His gift to his friend Bran had absorbed the remaining gold he had made from that run over the and now he was having a hard time making his payments. He was at least two weeks past due and needed to make a decent score soon before the guild got tired of leaving the collection job to those three idiots and sent out some real thugs to finish the job. He could always pawn his alchemic set back to Azeel but immediately discarded that as an option. He would have to burgle another house and soon. Nothing as risky or elaborate as before, but something he could hit quickly and with minimal risk. Maybe he would start casing some likely places tonight.
“Or maybe they would just have to wait a bit longer,” Azerick muttered to himself as he spied a familiar old man in robes striding up the street.
He looked around for some way to make a big enough distraction that would break the old wizard’s attention enough for Azerick to get in and out quickly. Once again, the fates su
pplied the perfect means. Hugo and his motley little band were across the square, likely scoping out a mark or two as well.
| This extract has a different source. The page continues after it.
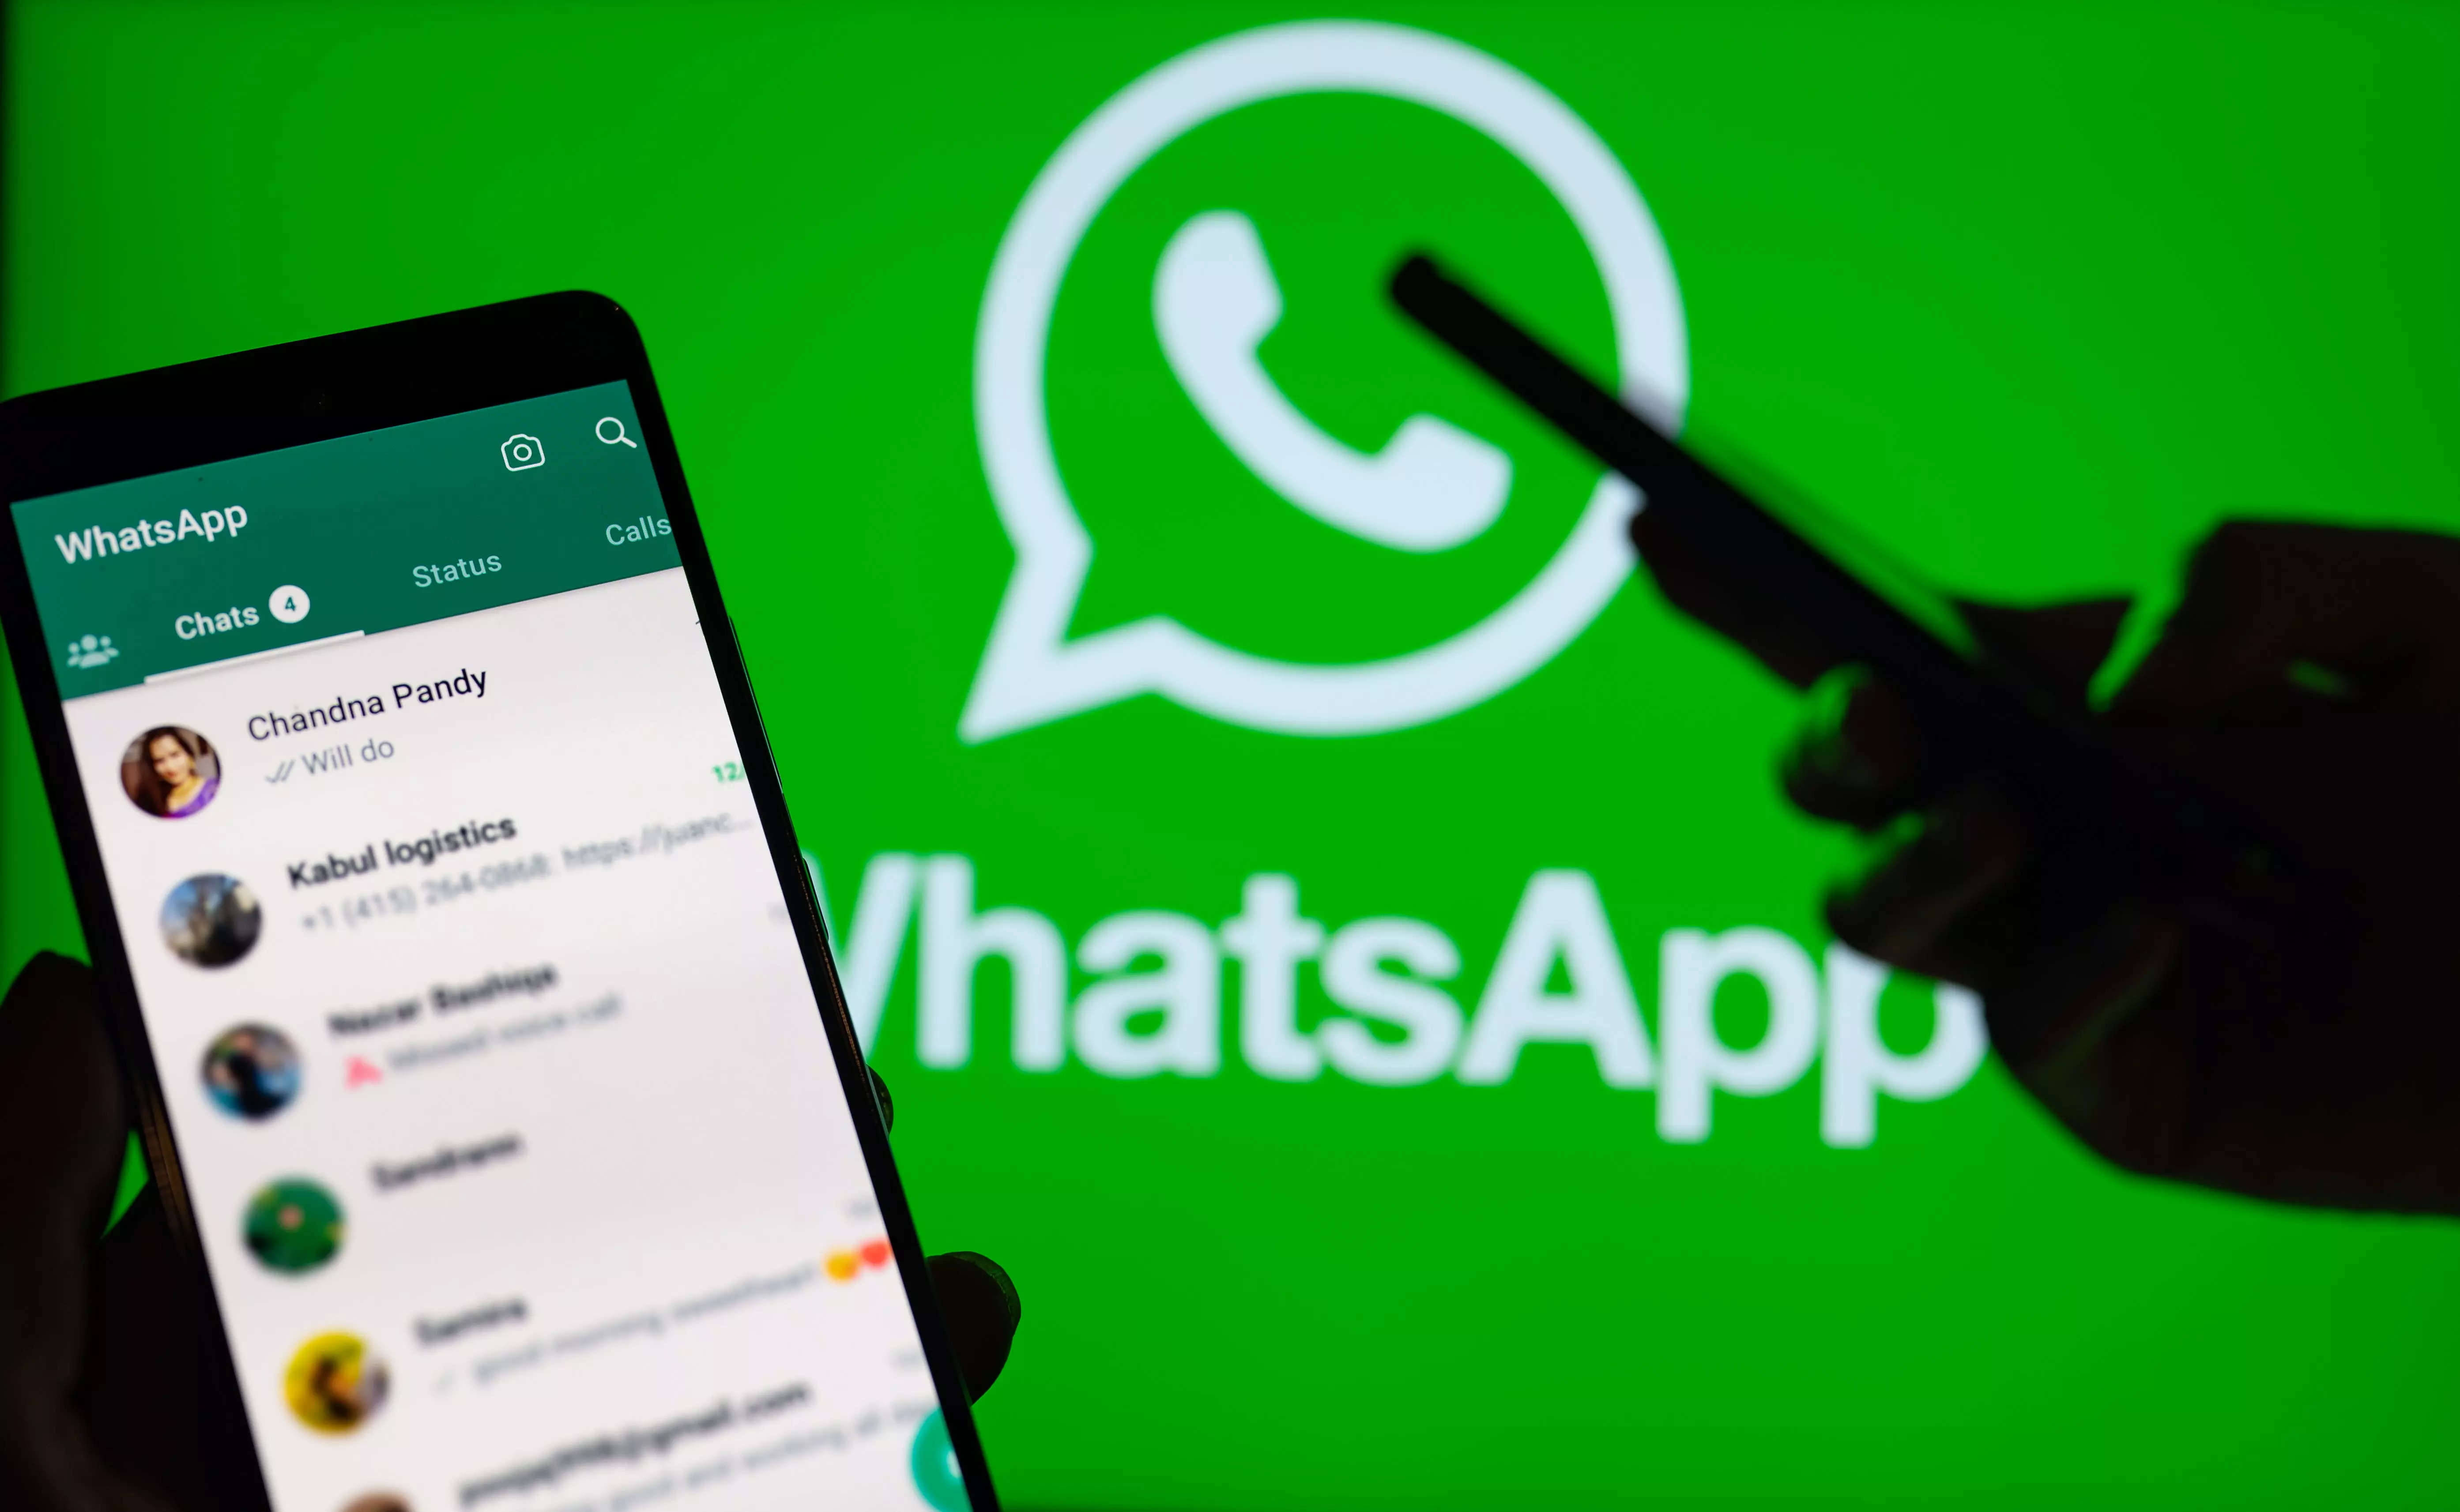 Mark Zuckerberg's Meta wants to burst Apple's blue bubbles: WhatsApp is coming for iMessage in the US

Azerick’s quick mind went to work and formulated a plan in seconds.
He threaded his way through the crowded streets toward his three nemeses, scooping up a fresh lump of horse dung along the way. When he came within range, he shouted at the three thugs to gain their attention.
“Hey, Hugo, I got all the taxes you’re worth right here.”
As soon as Hugo looked up at him, Azerick flung the fresh dung at Hugo’s broad face with the accuracy of a champion archer. The filthy ball of manure hit Hugo right in the mouth with enough force to peel back his puffy lips and shatter the dung ball into dozens of tiny projectiles that caught Carrot, Rolly, and a few unlucky bystanders in its expanding spray.
“Kill him!” Hugo screamed, spitting out bits of horse dung.
Azerick took off like an arrow launched from a bow with the three hoodlums in pursuit. He ran through the crowds as fast as he could without knocking into any of them and slowing his escape. His path of flight intentionally took him on an unerring course toward the old wizard who had so humiliated him previously.
Within moments, he caught sight of his target, ducked his head and ran full tilt into the old man. White wispy beard, boy, and stained robes rolled into an uncontrolled tumble onto the cobbled street.
“You!” the old, coarse voice shouted in surprise as recognition of his assailant sparked in his mind.
Azerick looked behind him with a look of fright, scrambled back to his feet and ran off into the crowd. Hugo, Carrot, and Rolly continued their pursuit through block after block of streets and alleys before Azerick eventually lost them by ducking into a printing shop and running out of the back door before has pursuers were able to turn the corner and spy his escape route.